Мне припомнился жаркий летний день, свежая синь моря, желтые берега и черная лодка барбы Николая. Мы ловили рыбу и молчали. Борода его была бурой, словно сухие водоросли.
— Привет, коллега! — произнес кто-то за моей спиной почтительно-фамильярным тоном, прервав мои мысли.
Это был сухопарый бодрый старичок в черном выходном костюме и черном же демисезонном пальто. На голове у него был огромный берет, и быть может, поэтому его монашески худое лицо выглядело совсем миниатюрным. Кашне, к моему удивлению, не было белым, не было и шелковым, а из какой-то бумажной материи в крупную клетку: желто-черно-красное. Старикашка напоминал чучело и невольно вызывал усмешку. Я видел его впервые.
Сначала я было подумал, что он из тех незадачливых провинциальных поэтов, которые всю жизнь мечтают о мировой славе, корпят над входящими и исходящими в каком-нибудь учреждении и, выйдя на пенсию, с буйной ученической страстью отдаются «искусству». Порою — это хорошие люди, мечтатели и вечные неудачники, в которых есть нечто поистине трогательное: их беззаветная любовь к поэзии. Но порою — это озлобленные маньяки, приводящие тебя в бешенство своей грубой лестью, марающие все вокруг себя и превращающие случайную встречу в проклятие.
Этот как будто не был таким. От него веяло каким-то изяществом, артистичностью, чем-то присущим только ему. Скорее всего, в нем сказывалось сдержанное благородство и чувство собственного достоинства.

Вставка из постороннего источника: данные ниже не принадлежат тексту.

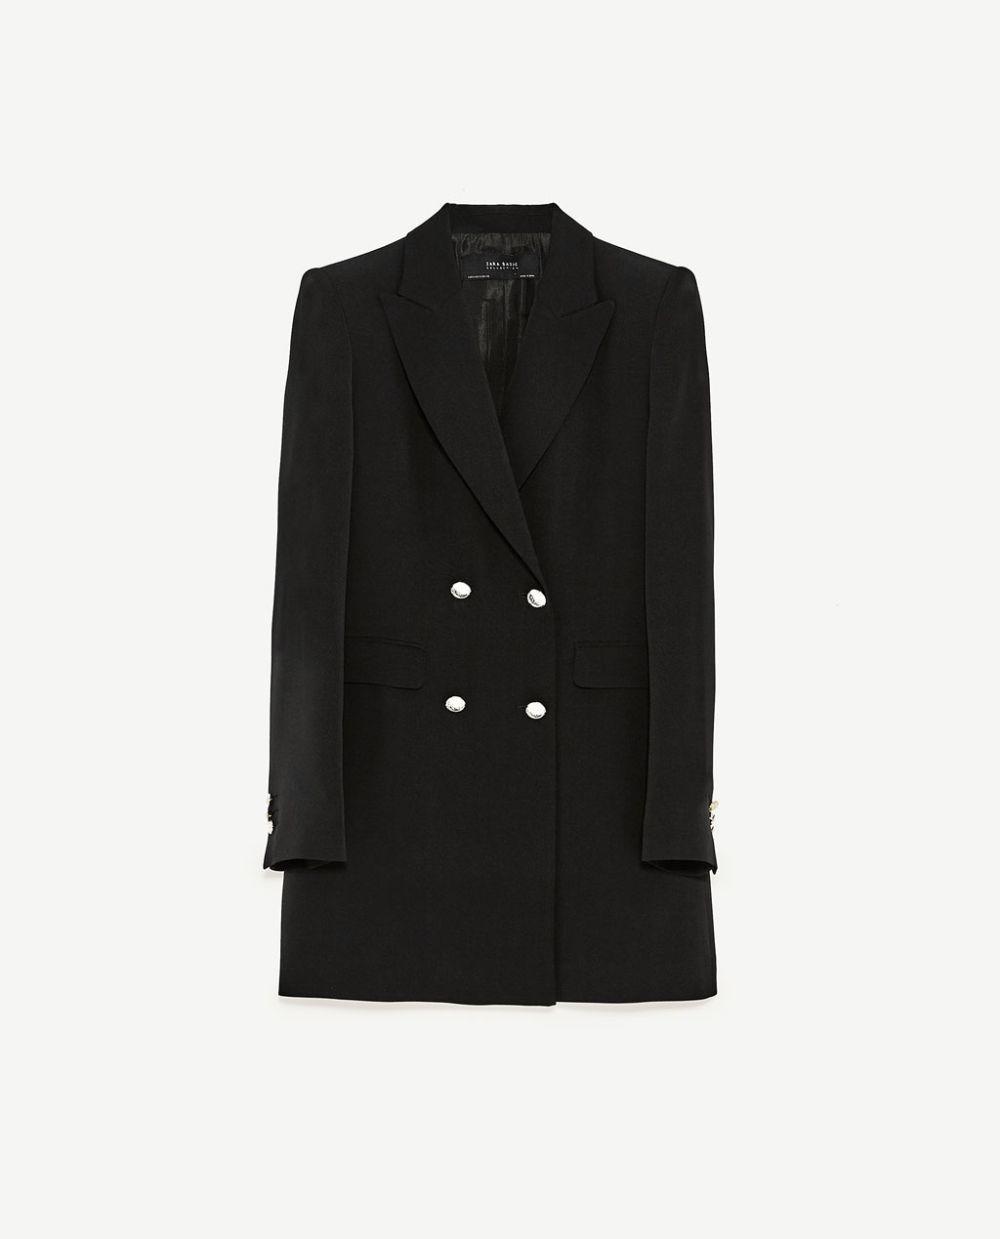 Blazer cruzada. De Zara (49,95 euros).

— Здравствуйте, — ответил я холодновато и немного недоуменно, но опасаясь, как бы он не оказался каким-нибудь знакомым, которого я забыл, тут же добавил более учтиво: — Куда путь держите?
— Да вот, в столицу. На конференцию.
— А-а-а, — протянул я.
Наступило до глупости неловкое молчание. Старичок стоял рядом, словно нищий, и мне было ясно, что он не менее одинок, чем я, и очень не прочь поболтать. Я был готов пригласить его за свой столик, но, с другой стороны, он не казался мне весьма симпатичным. Существует особый вид пассажиров: любопытные. Они беспардонно копаются в твоей душе и осыпают тебя тысячами интимных вопросов. Поэтому я предпочитал оставаться наедине с чудесными воспоминаниями лета и представлять себе грубое обветренное лицо старого моряка — барбы Николая. Но пока я размышлял, как мне поступить, старикан застенчиво обратился ко мне:
— Извините, можно подсесть?
— Прошу! — ответил я, сделав широкий жест, после чего снова замкнулся в себе.
Старикан деликатно опустился на стул. Как видно, он почувствовал мое желание держаться на расстоянии. Мы несколько секунд смотрели друг на друга, а затем одновременно опустили глаза. Мне стало жаль его, захотелось сказать, что я вовсе не гордец или нелюдим, но что-то удерживало меня. Быть может, его вид.
— Извините, что я, так сказать, нахрапом, но… — смущенно произнес он. — Уж очень я обрадовался, увидев вас. День такой скучный, а я человек общественный, не могу без людей. Вы ведь художник, неправда ли?
— Да-а, — не совсем уверенно протянул я. — Как вы угадали?
Старикан усмехнулся с некоторым превосходством.
— По берету и… волосам, разумеется.
— Наружность порой бывает обманчива…
— Скажу не хвастаясь, что я редко ошибаюсь. К тому же у вас длинные пальцы!
— Вы очень наблюдательны, — сказал я с усмешкой.
— Что поделать, профессия, — скромно промолвил мой собеседник.
Я насторожился. Без сомнения, он был как раз из тех, кого я боюсь, как огня.
Старикан привстал и со старомодным поклоном галантно протянул мне руку.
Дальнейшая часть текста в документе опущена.